Let’s be truthful about it. The majority of you think that it’s a very complicated thing that no one could ever understand. Yet because computers are so complicated they are the only thing that can come close to understanding it, right? Artificial intelligence would be the ultimate mastery of our mutual existential dilemma.

Your body is understood as a really complicated machine, generally. You’ve heard this and statistically I bet you believe it also. Despite that overt or nagging belief in the supernatural you harbor, that body you drag around is a machine.

Fine. We will go with that.

Our faith that technology will better our life has almost already run it’s course. The enthusiasm we had in the 90’s regarding it is giving way to the reality of what is possible. We still are enthusiastic about one thing though. One thing that puts the sparkle back in our eyes when we lay in bed at night dreaming of silicon chips and object oriented programming.
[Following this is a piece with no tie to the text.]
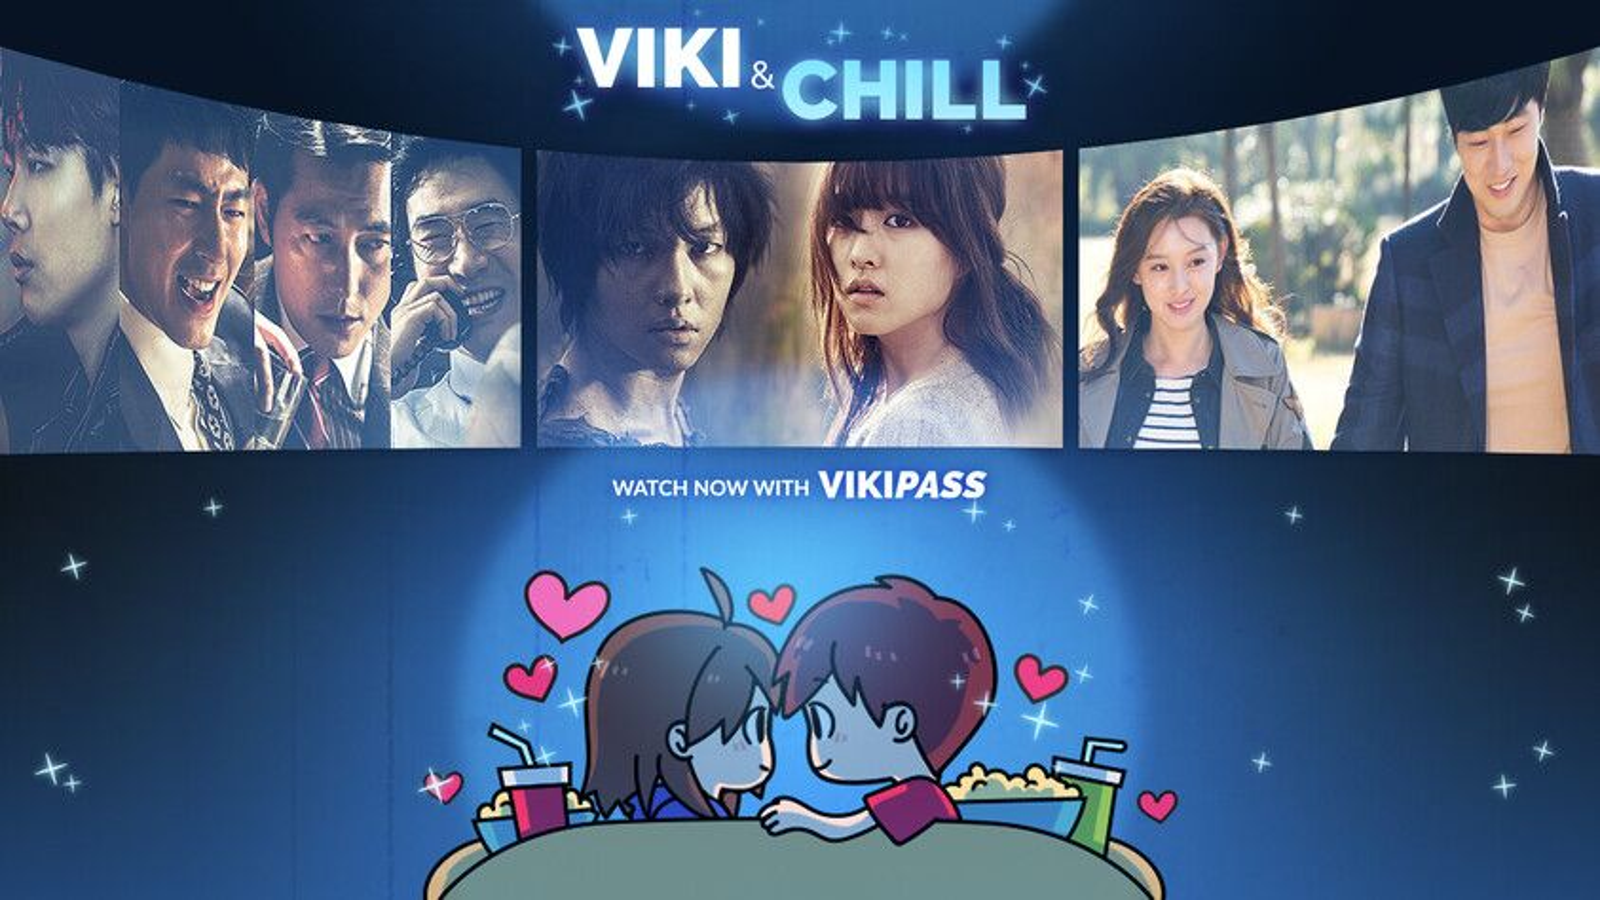 Viki & Chill

Artificial intelligence. Note, it’s not called artificial life. Just intelligence. We already have that. Logic gates arranged in certain ways allow us to ask our phones a question and have it answer us. Intelligence.

We envision artificial intelligence as “living” when we think about it’s implications. Scary, exciting? However you view it there is one hard fact. At this time, without question and unequivocally no programmer anywhere can program that little spark behind your eyes looking out at the world with wonder and amazement. That spark cannot be housed in a phone case, on your desktop or in all the server farms in Nevada.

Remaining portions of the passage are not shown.